■ **DATASET RECORDS**

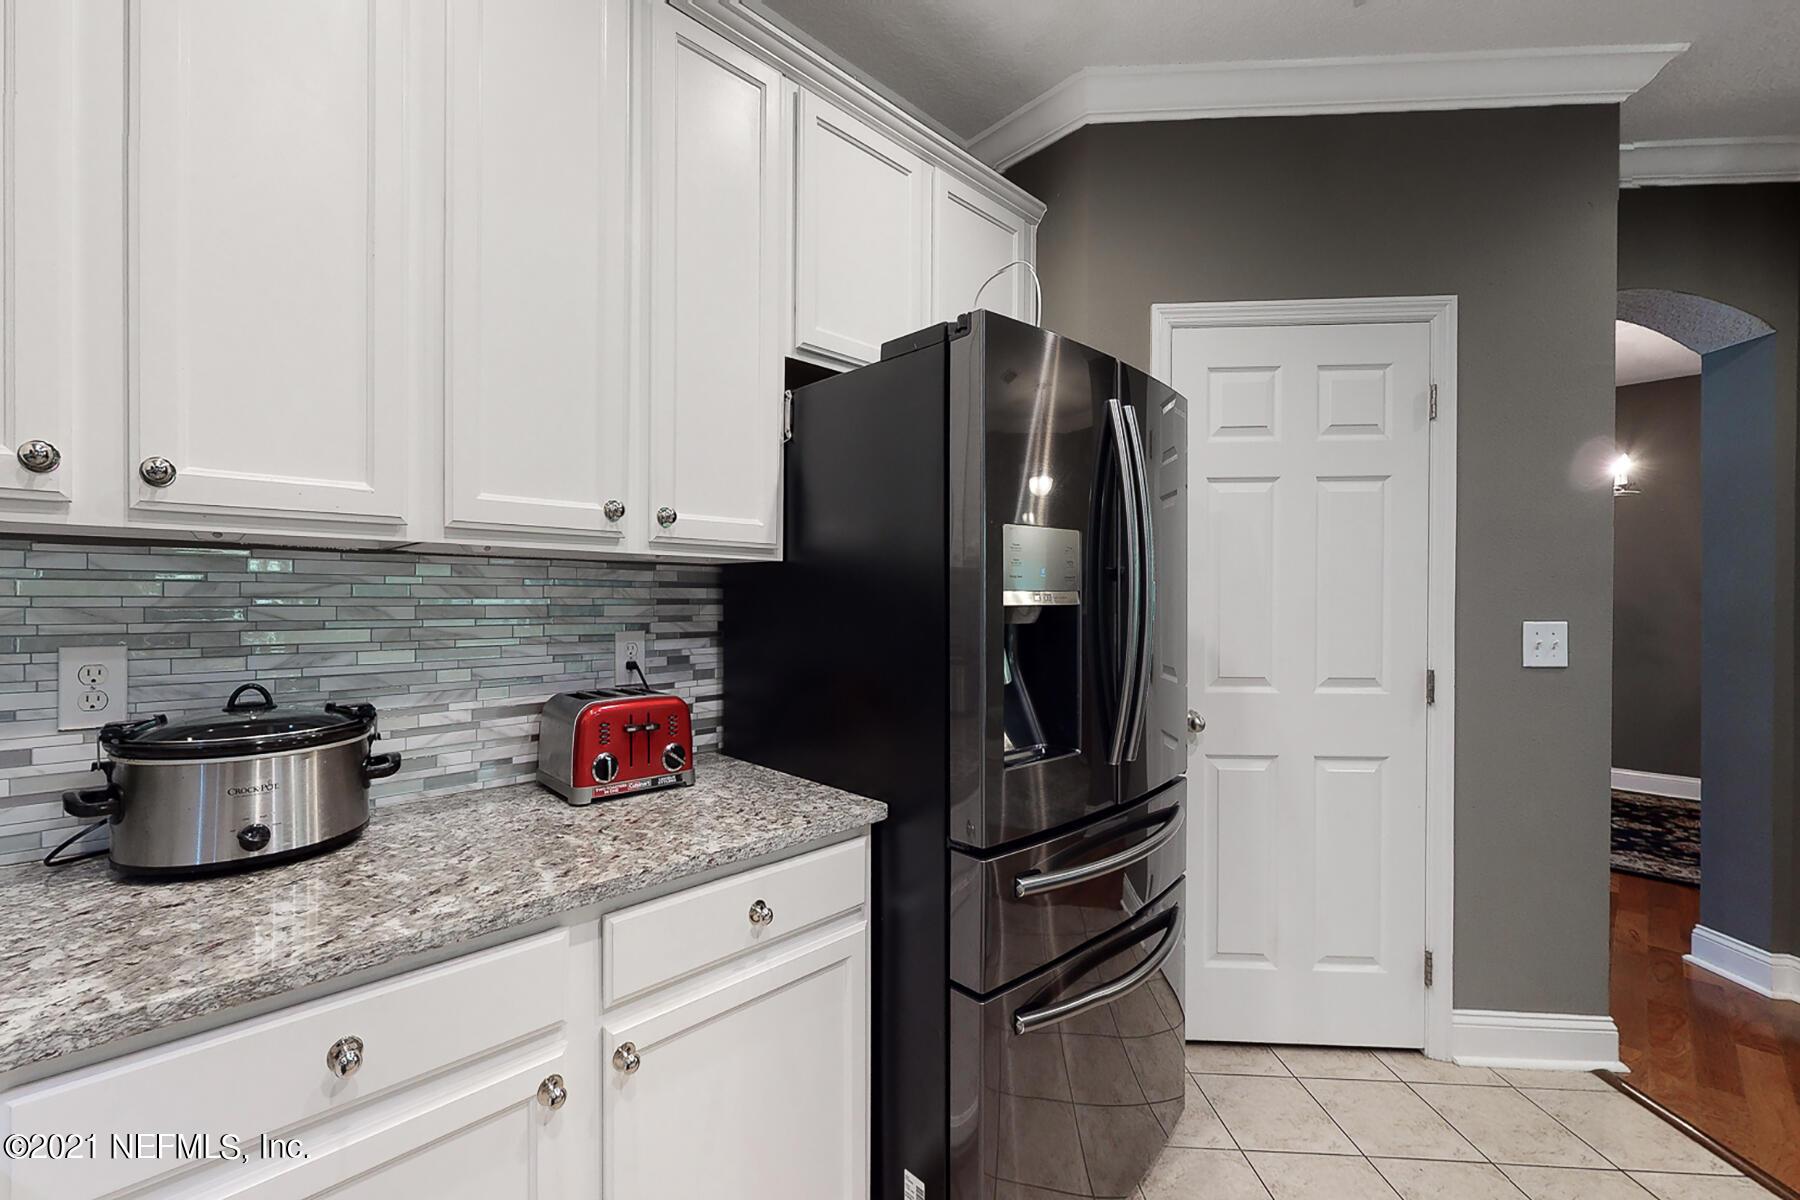 3252 CHESTNUT RIDGE, ORANGE PARK, FLORIDA 32065, 3 Bedrooms Bedrooms, ,2 BathroomsBathrooms,Residential,For sale,CHESTNUT RIDGE,1135933
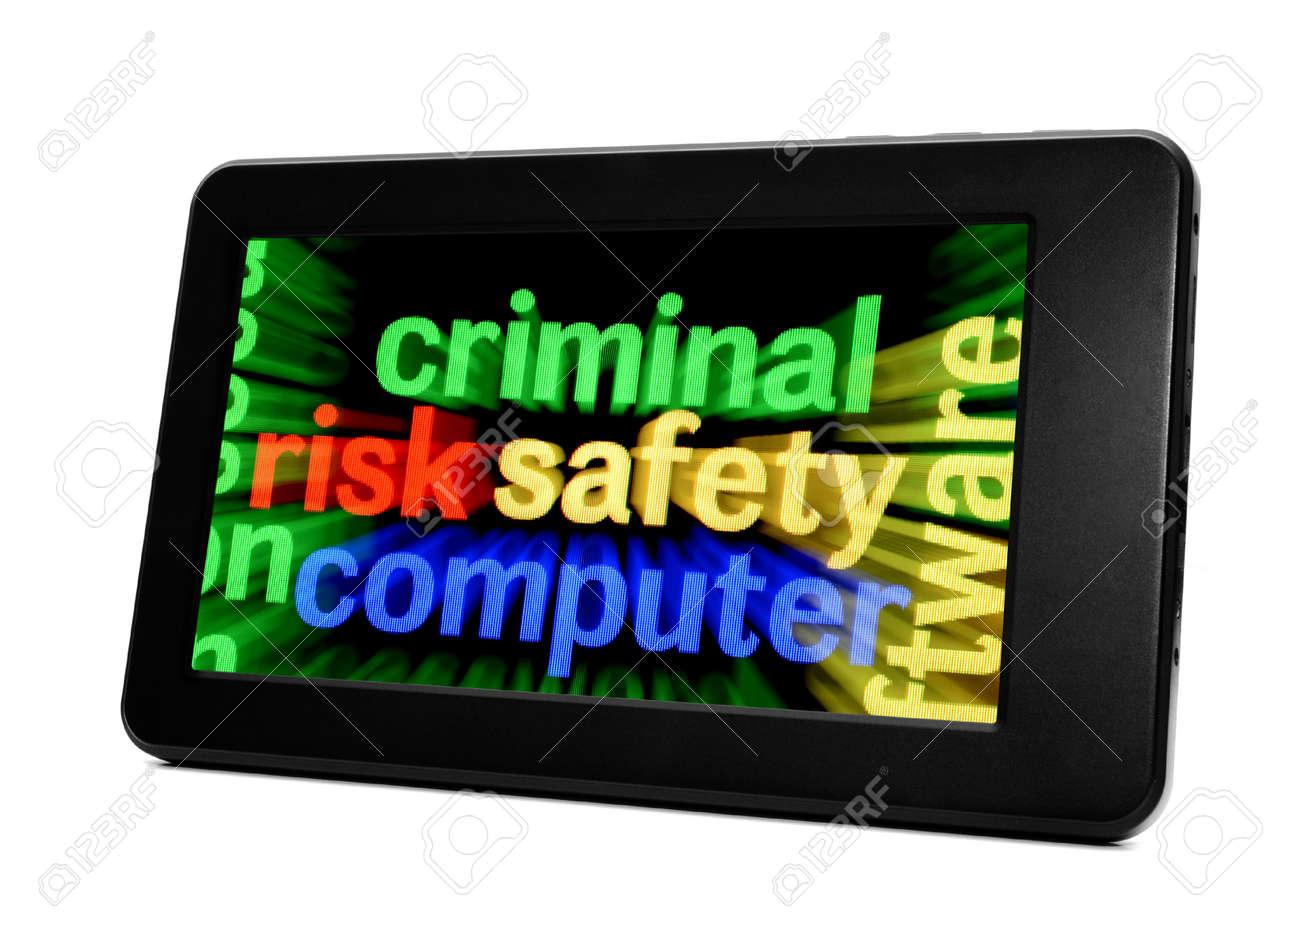 Criminal safety computer Stock Photo - 18122225
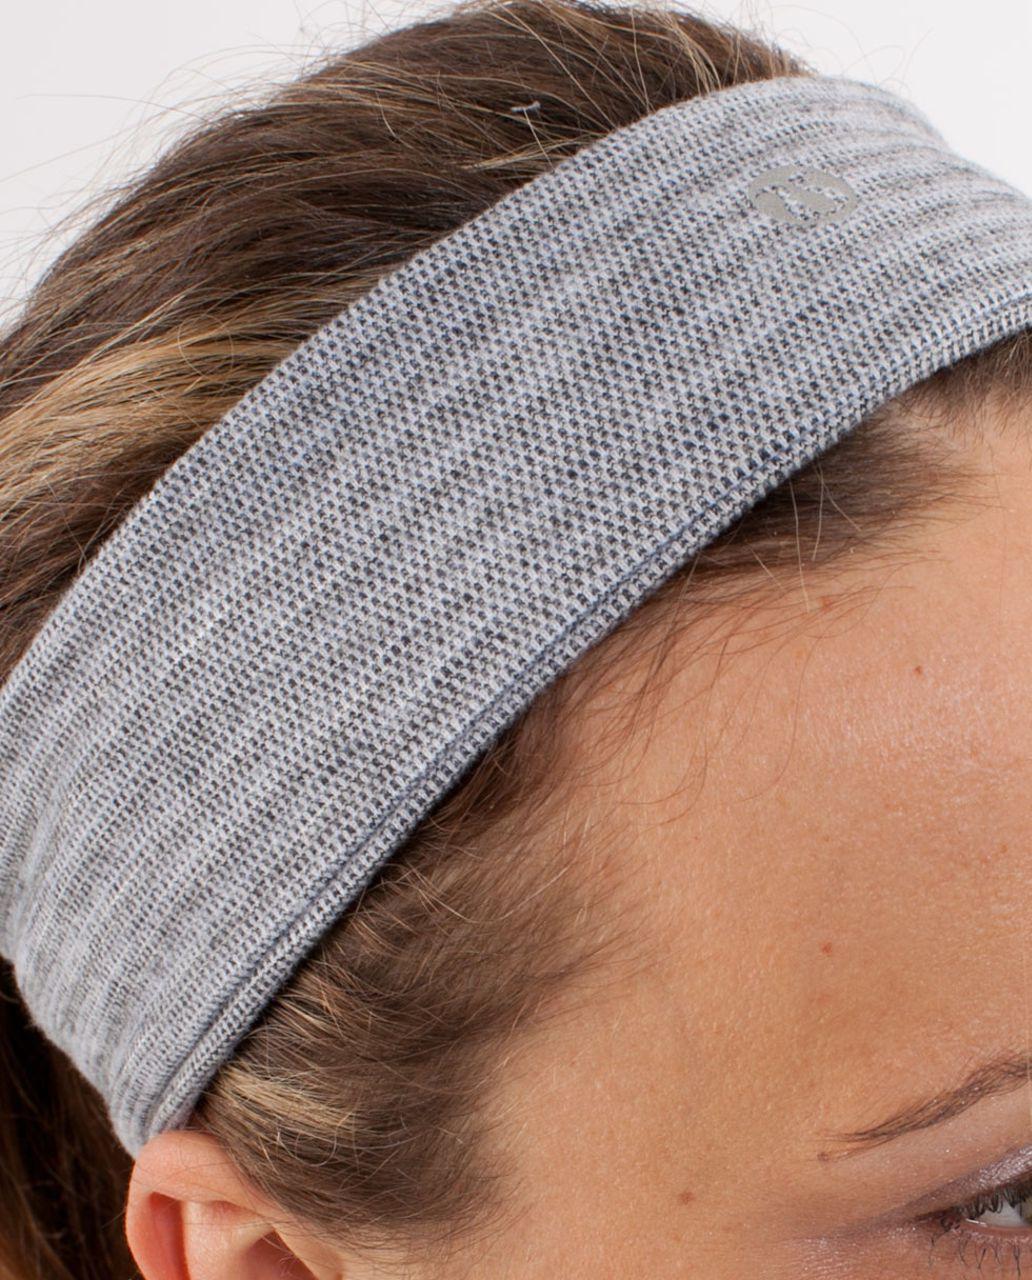 Lululemon Lucky Luon Headband - Deep Coal Silver Spoon Pique
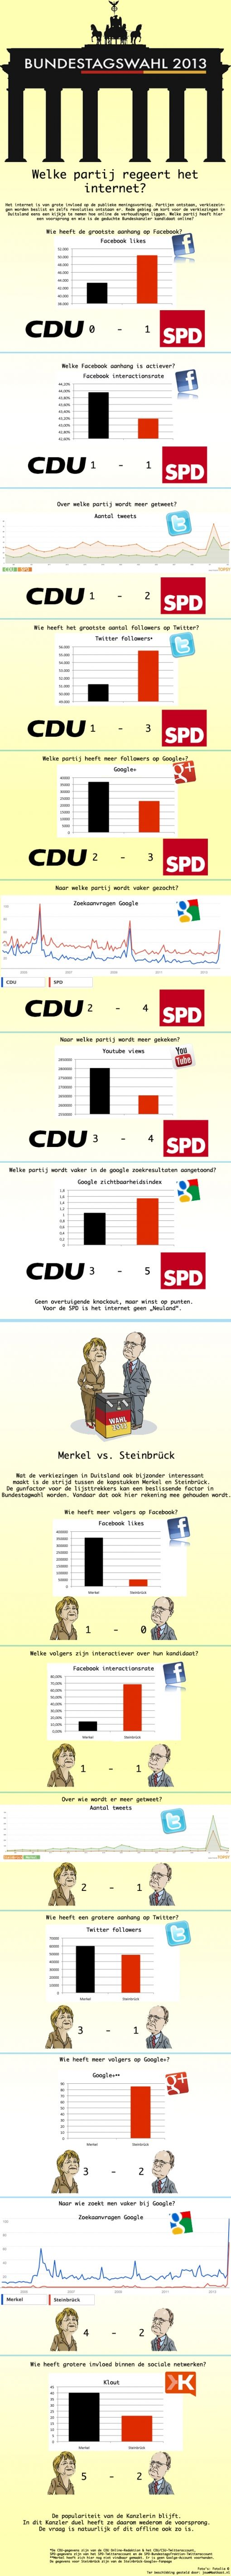 Bondsdag verkiezingen Duitsland CDU vs. SPD Merkel vs. Steinbrück
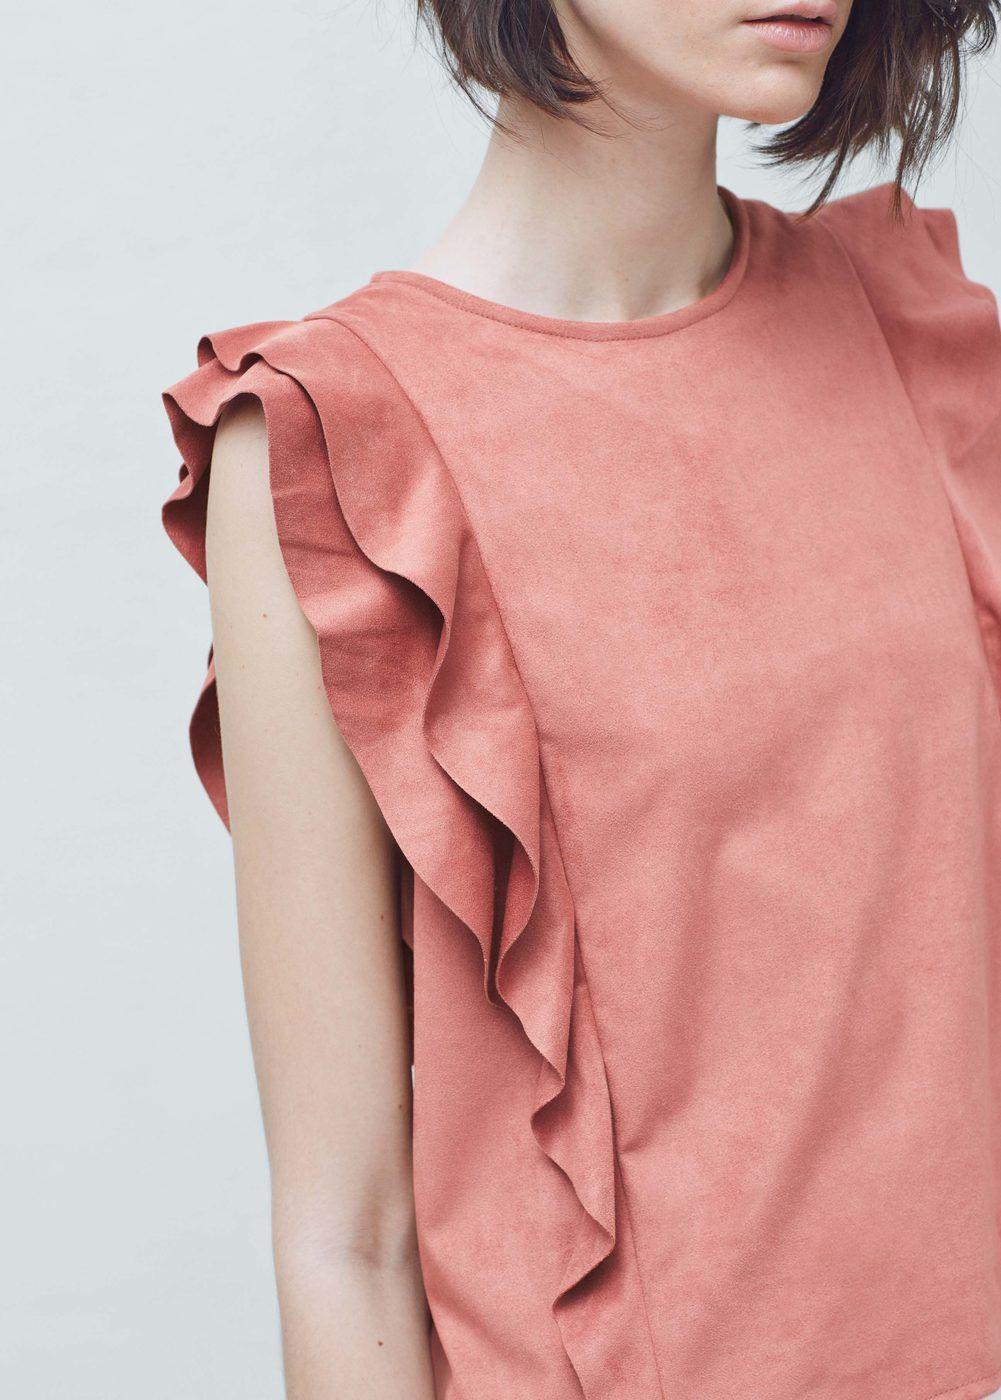 Ruffled top | MANGO For similar items, please visit http://www.fashioncraycray.xyz/

■ **BRIEF**
Without the pictures, write out all of the material exactly.

■ **SOLUTION TO THE PROBLEM**
 3252 CHESTNUT RIDGE, ORANGE PARK, FLORIDA 32065, 3 Bedrooms Bedrooms, ,2 BathroomsBathrooms,Residential,For sale,CHESTNUT RIDGE,1135933
 Criminal safety computer Stock Photo - 18122225
 Lululemon Lucky Luon Headband - Deep Coal Silver Spoon Pique
 Bondsdag verkiezingen Duitsland CDU vs. SPD Merkel vs. Steinbrück
 Ruffled top | MANGO For similar items, please visit http://www.fashioncraycray.xyz/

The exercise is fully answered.